Supreme Court Whistleblower Ruling, Already in Play
Well, we have our first instance of a company citing last month’s Supreme Court ruling against Dodd-Frank whistleblower protections to argue against a whistleblower retaliation award.
Bio-Rad Laboratories, ordered last year to pay $11 million in a whistleblower retaliation lawsuit, was back in court earlier this week arguing that its damages should be cut by more than 25 percent. Why? Because the whistleblower — Sanford Wadler, the company’s former general counsel — doesn’t qualify for the full amount under the Supreme Court’s Feb. 21 ruling Digital Realty Trust v. Somers, Bio-Rad’s lawyers said.
In that ruling, the Supreme Court said Dodd-Frank whistleblower protections only apply to people who first report their concerns to the Securities & Exchange Commission. Which Wadler did not do.
Hence Bio-Rad’s lawyers filed a memo with the 9th Circuit Court of Appeals on Monday, arguing that last year’s judgment based on Wadler’s Dodd-Frank claim should be vacated, along with $2.96 million damages attributable to that claim.
It’s unclear what might happen next in this specific case. Wadler originally had fears that Bio-Rad was violating the Foreign Corrupt Practices Act with bribery in China, and brought his concerns the Bio-Rad’s audit committee. The committee investigated, found no evidence of wrongdoing, and fired Wadler shortly thereafter in 2015.
Wadler sued, citing Dodd-Frank’s whistleblower protections. He won last at the district court level, and Bio-Rad appealed to the 9th Circuit. That case was still pending when the Supreme Court made its Digital Realty ruling.
The appellate court could remand the whole saga back to district court for further review, or side with Bio-Rad and cut the damages directly. We’ll have to wait and see.
Compliance in a Digital World…
Compliance professionals have a few issues to unpack here.
First are the implications of this move on all the other allegations of misconduct out there — above all, the allegations that thoughtful employees have yet to bring to compliance officers’ attention. Those people will look at this whistleblower drama-rama and think, “Whoa, dude might lose $3 million because he didn’t call the SEC first!” Then they’ll call the SEC, rather than you, their manager, or anyone else at the company.
I understand that Wadler is an imperfect vehicle to raise this point. He was Bio-Rad’s general counsel, and had a legal obligation to report his concerns internally. Who cares, other than legal theorists looking for hairs to split? In the real world, most employees don’t have that obligation. They’ll look right past it, to the larger lesson that if you can only secure whistleblower protections by first contacting the SEC, then you should first contact the SEC.
Second, we can’t fault Bio-Rad’s lawyers for raising this line of argument. Their job is to reduce Bio-Rad’s legal liability. The Digital Realty Trust decision gives them an avenue to do that.
Still, this tool that’s useful for the legal department also screws things up for the compliance department. As I said in an earlier post about this ruling: compliance officers still have the challenge of building strong a anti-retaliation culture, while legal departments use the Digital Realty ruling and undermine your message.

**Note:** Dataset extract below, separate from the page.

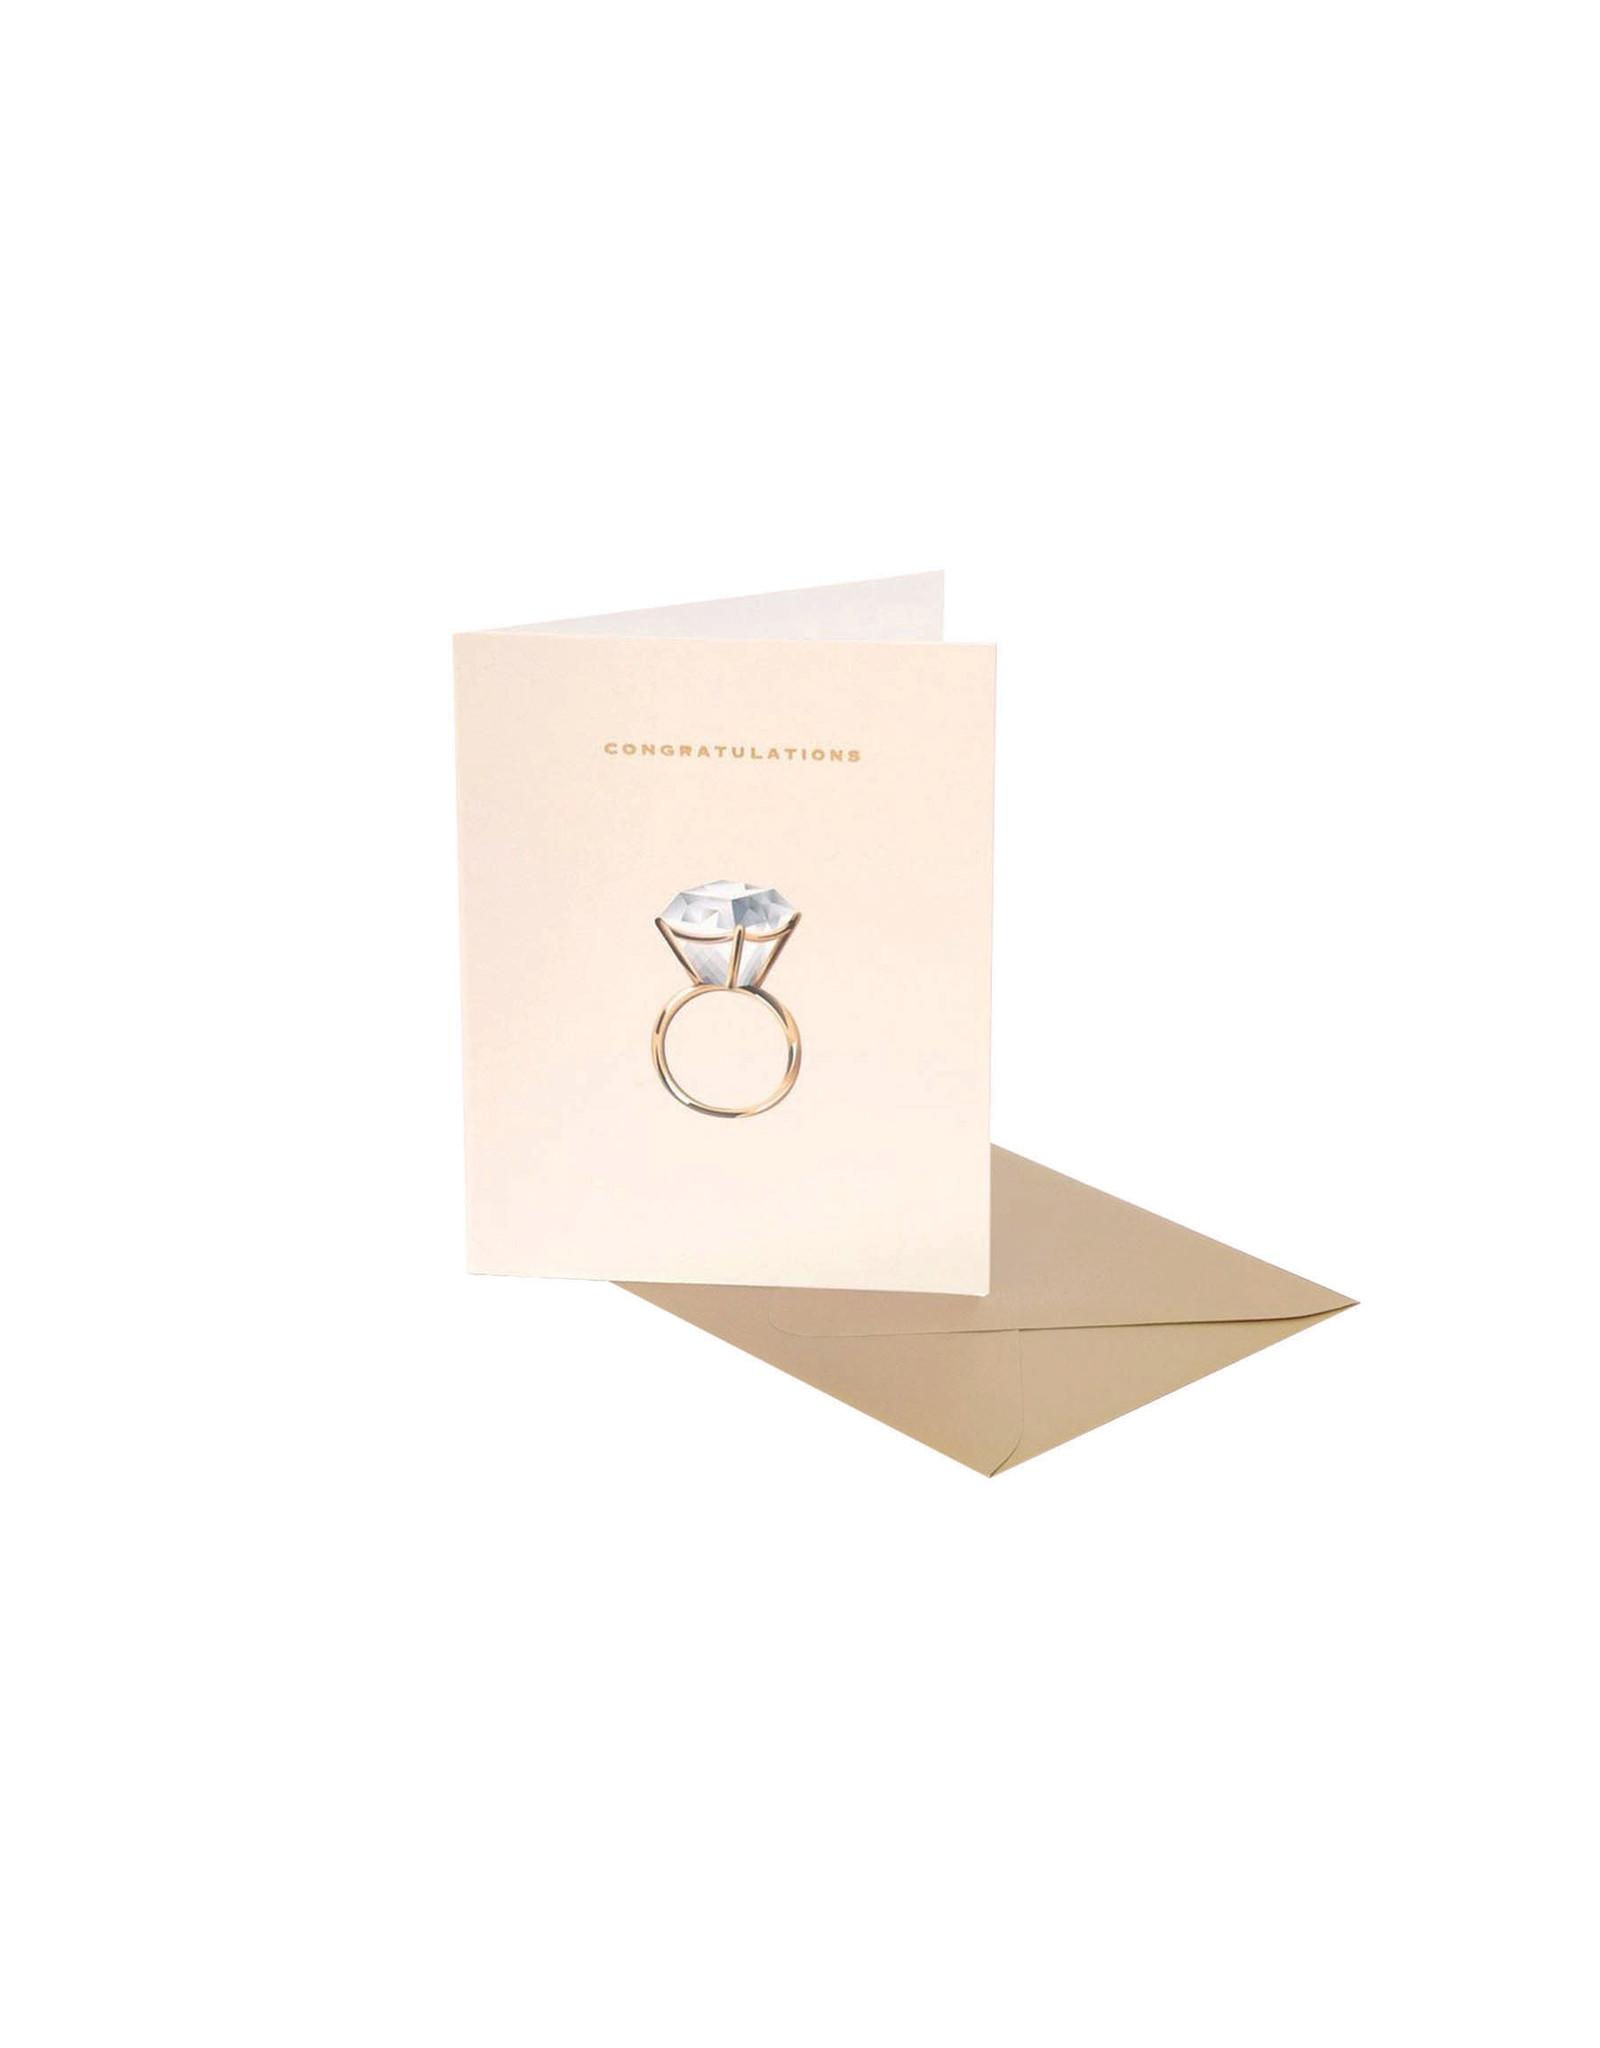 Clap Clap Diamond Ring Congratulations Card

Digital Realty Trust will pit legal and compliance department interests against each other. That’s bad. I fear it will be especially bad for organizations where the compliance function answers into the legal department, because then the legal function’s interests will always win out.
Third, I suspect we have some Code of Conduct and policy implications that haven’t been fully explored yet. Namely, can a company still require employees to report allegations of misconduct internally, if that might somehow jeopardize their anti-retaliation rights under the Dodd-Frank Act?
For example, if your Code requires internal disclosure, which the employee fulfills, and then someone retaliates against him or her — does the employee now have no retaliation claim under the Dodd-Frank Act? That strikes me as unfair, and within spitting distance of pre-taliation risk that regulators already frown upon. Should policies be amended to state clearly that the employee gives up anti-retaliation rights unless he or she also reports to the SEC simultaneously?
I can foresee questions like that, around what duties a company has to tell employees about the possible consequences of their actions. And again, getting back to the difference between legal and compliance functions — even if outside counsel gives you an answer that’s correct under the law, what’s the best answer in the real world, where ethics and compliance officers work with actual human employees?
The Digital Realty Trust ruling was always going to usher in a new world of complexity for corporate compliance officers. Now it’s here.